**ASSIGNMENT:**
Output a character-exact copy of the data, images removed.

**DATASET CONTENT:**
============

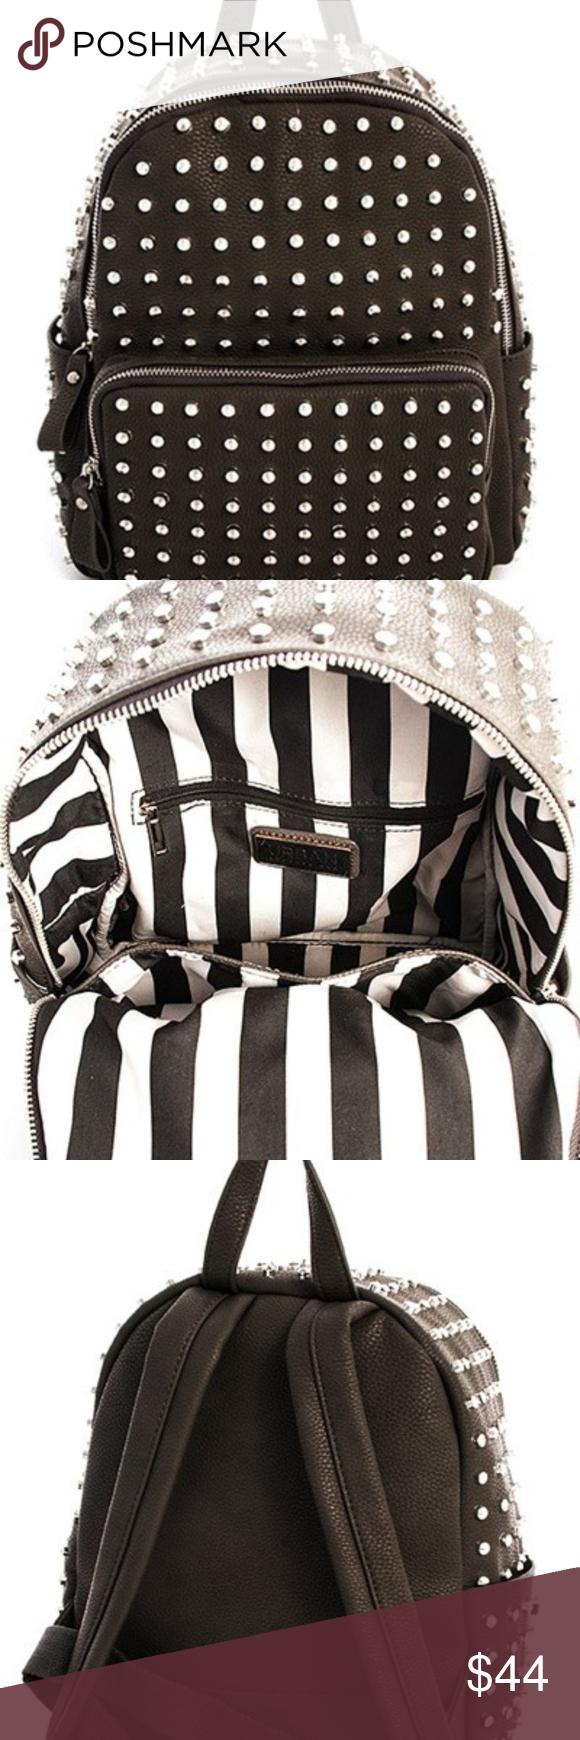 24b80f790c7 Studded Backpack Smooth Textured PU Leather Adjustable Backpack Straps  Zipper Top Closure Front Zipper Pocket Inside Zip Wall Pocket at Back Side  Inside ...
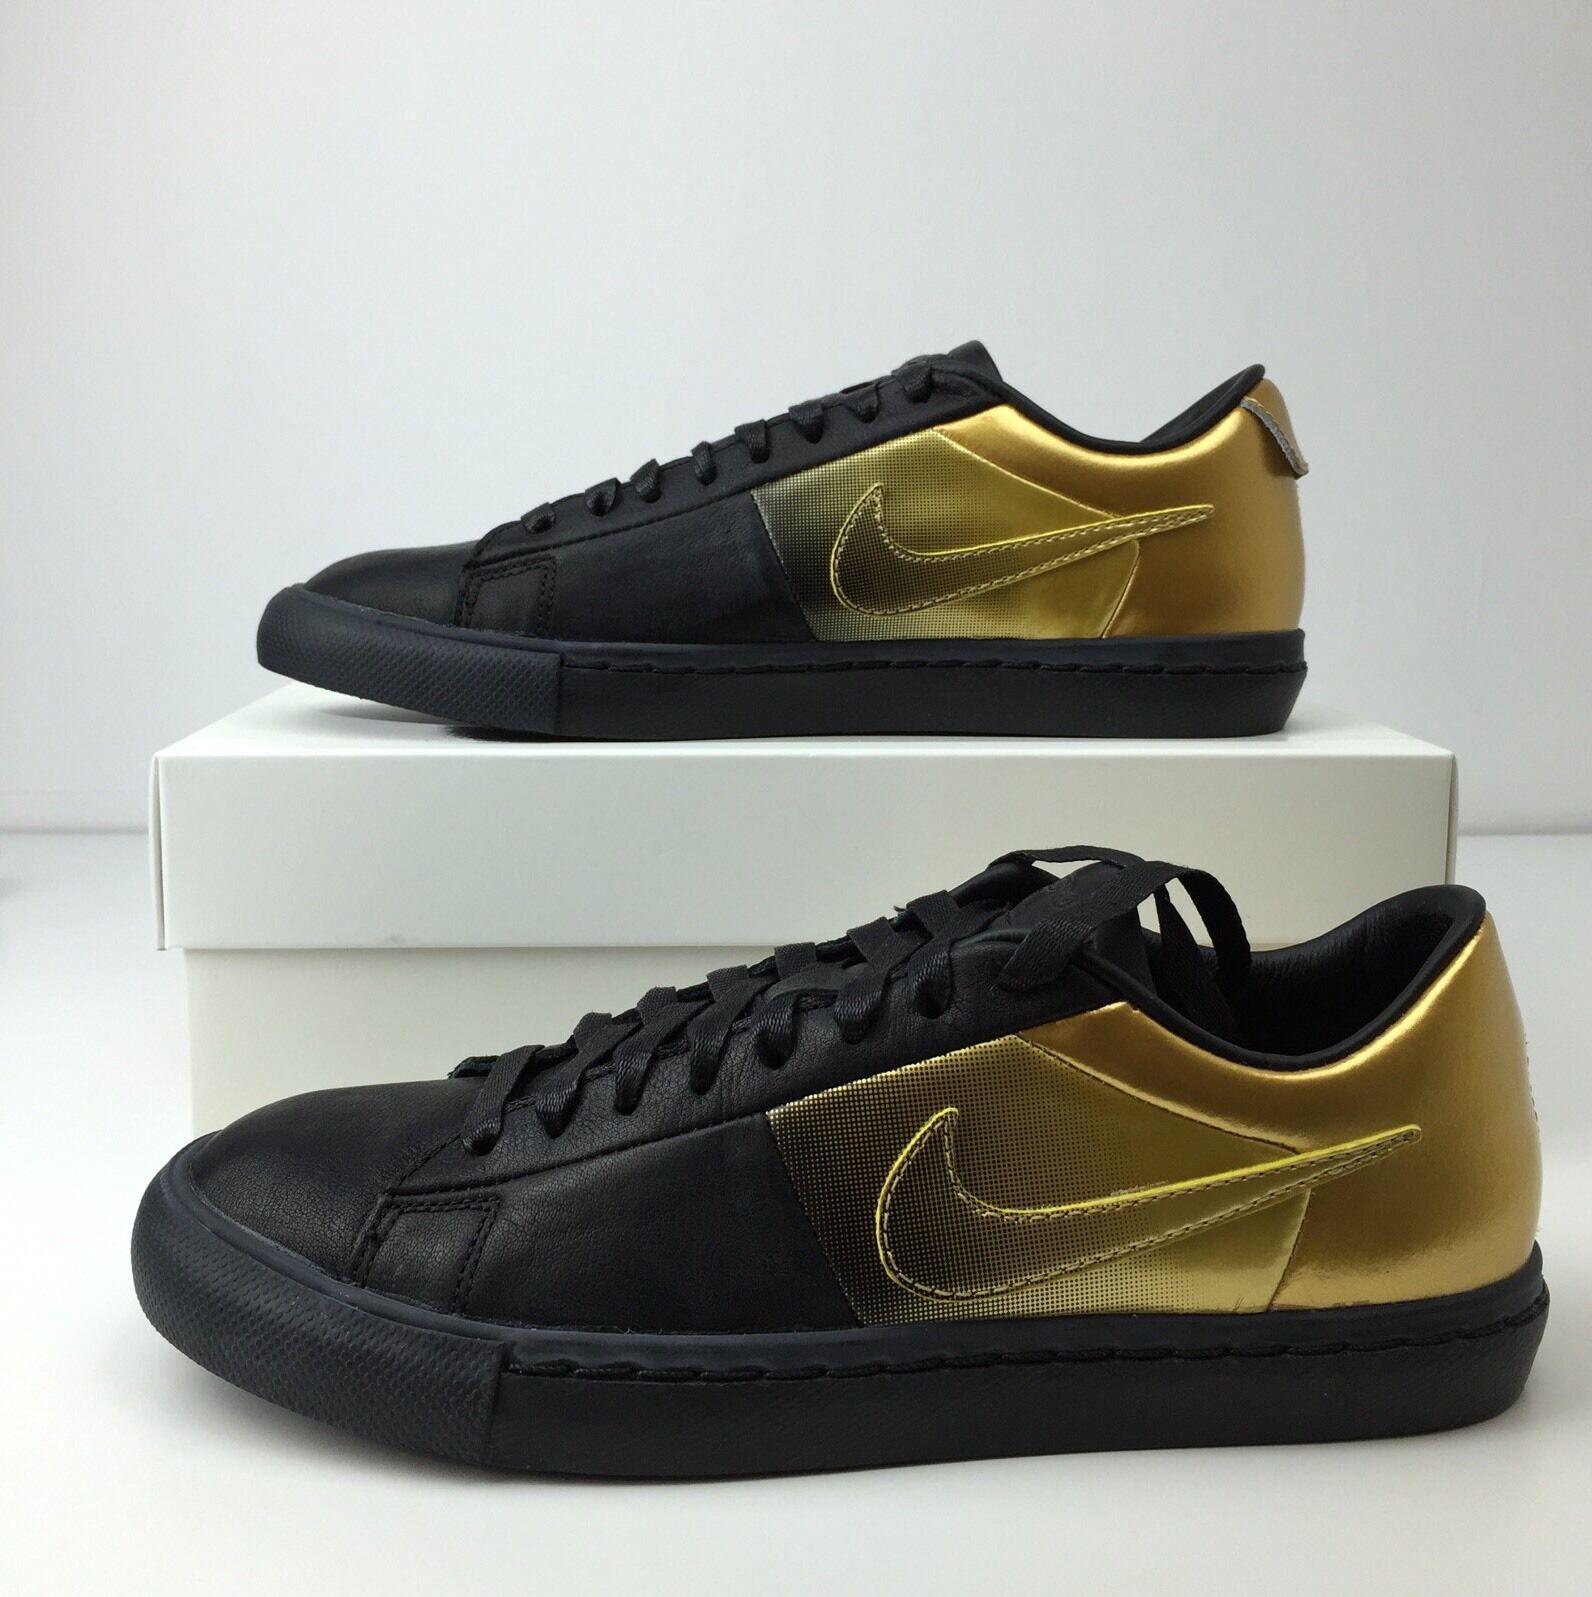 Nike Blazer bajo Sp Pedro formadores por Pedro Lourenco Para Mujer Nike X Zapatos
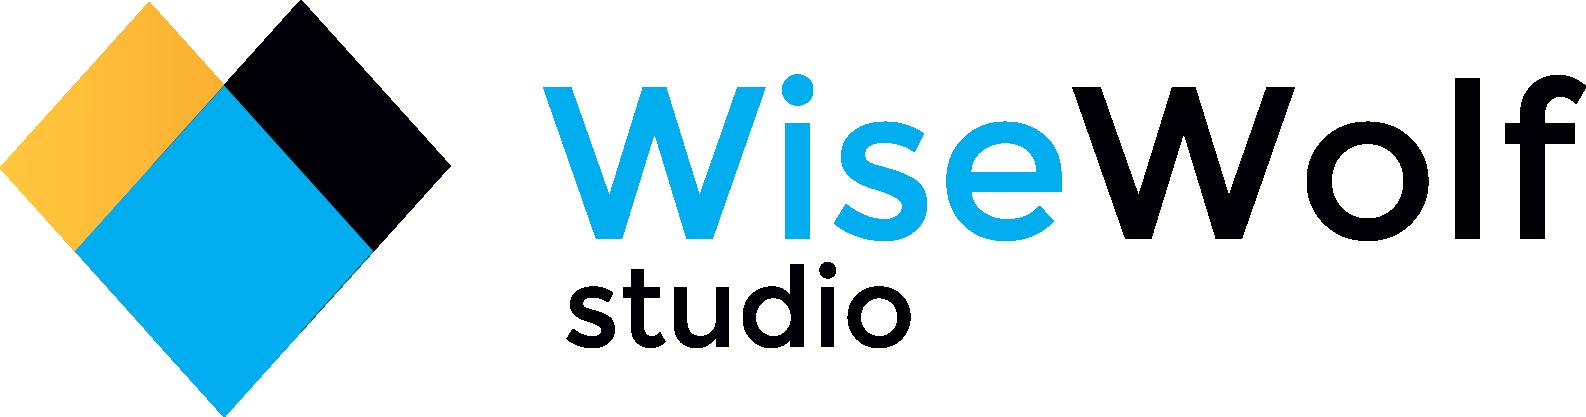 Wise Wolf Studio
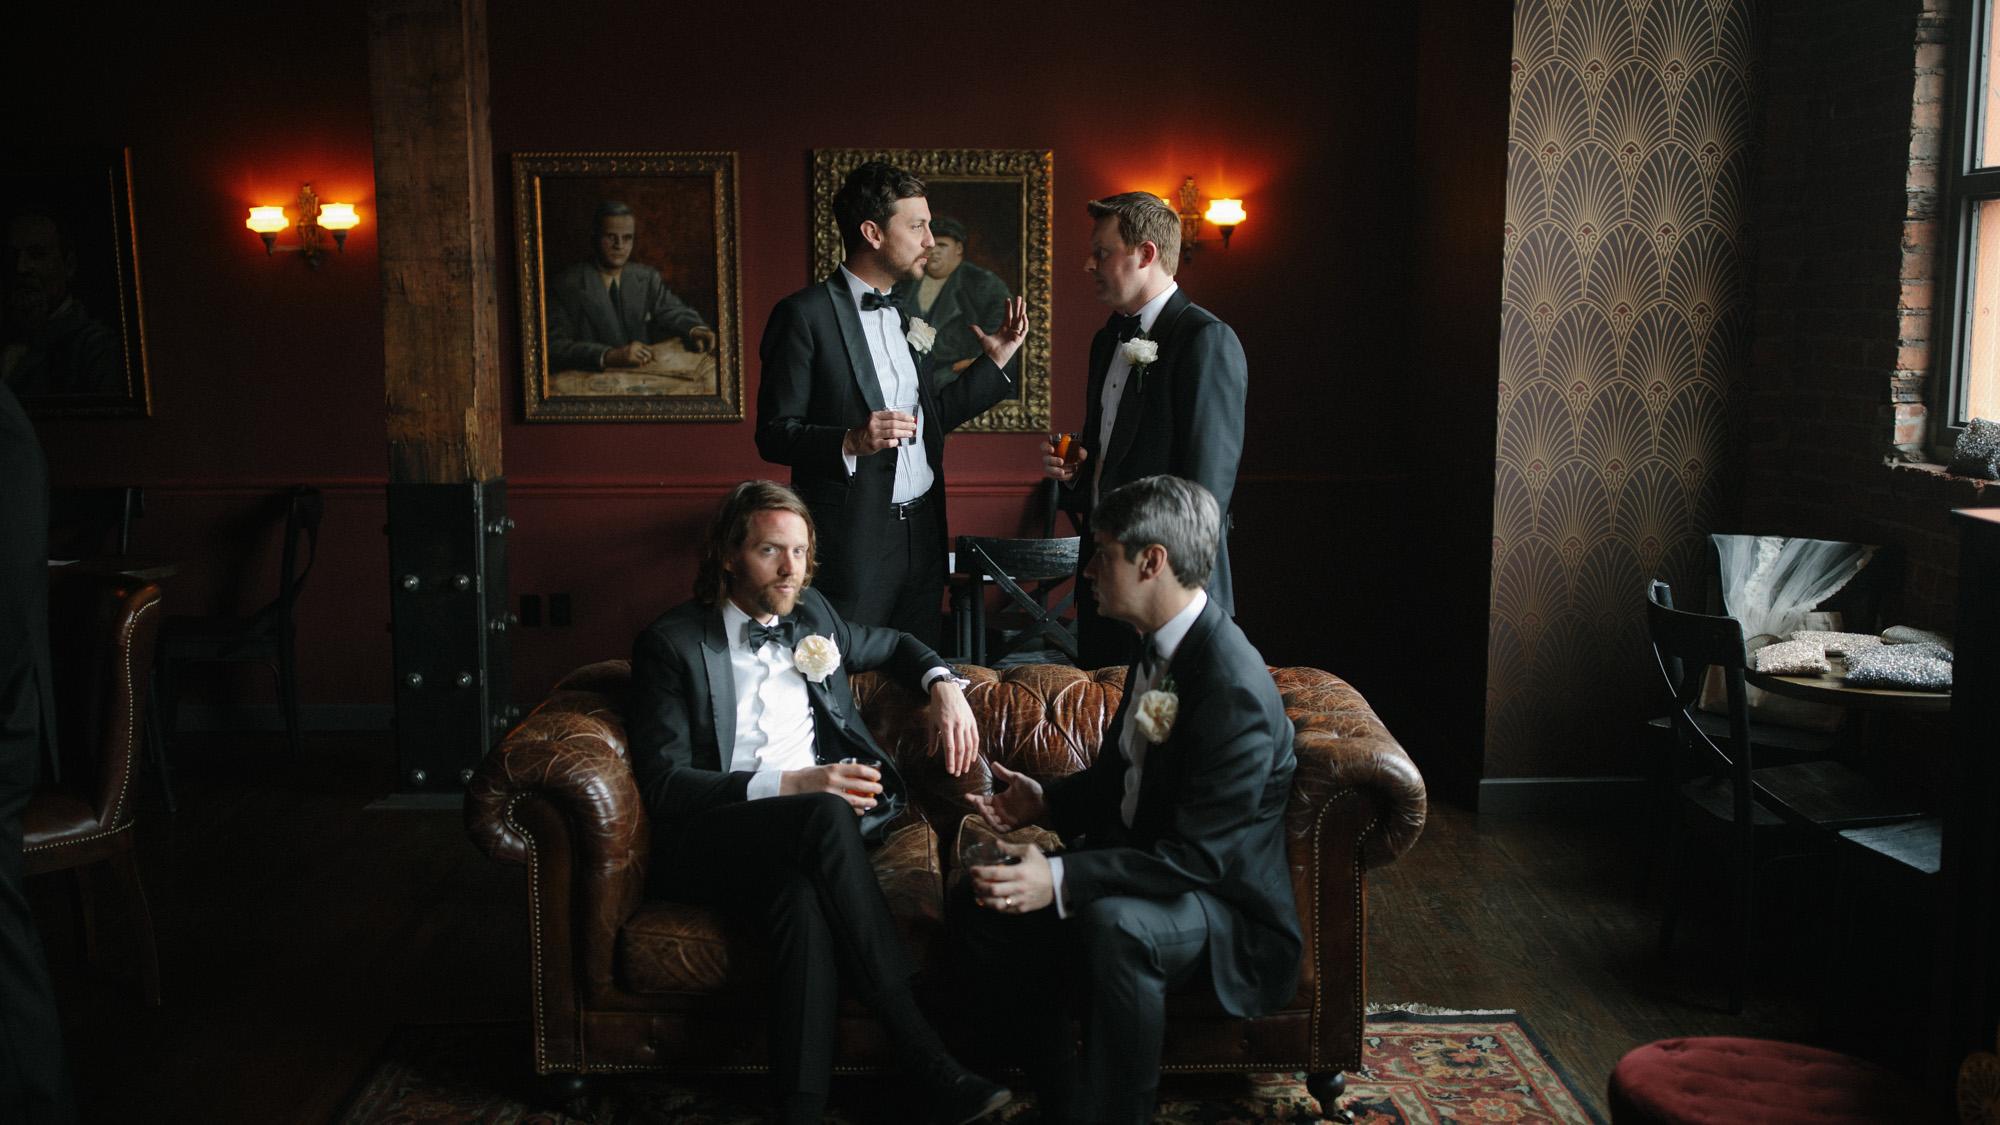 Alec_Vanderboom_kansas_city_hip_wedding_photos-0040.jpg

============

**EXERCISE SOLUTION:**
 24b80f790c7 Studded Backpack Smooth Textured PU Leather Adjustable Backpack Straps  Zipper Top Closure Front Zipper Pocket Inside Zip Wall Pocket at Back Side  Inside ...
 Nike Blazer bajo Sp Pedro formadores por Pedro Lourenco Para Mujer Nike X Zapatos
 Wise Wolf Studio
 Alec_Vanderboom_kansas_city_hip_wedding_photos-0040.jpg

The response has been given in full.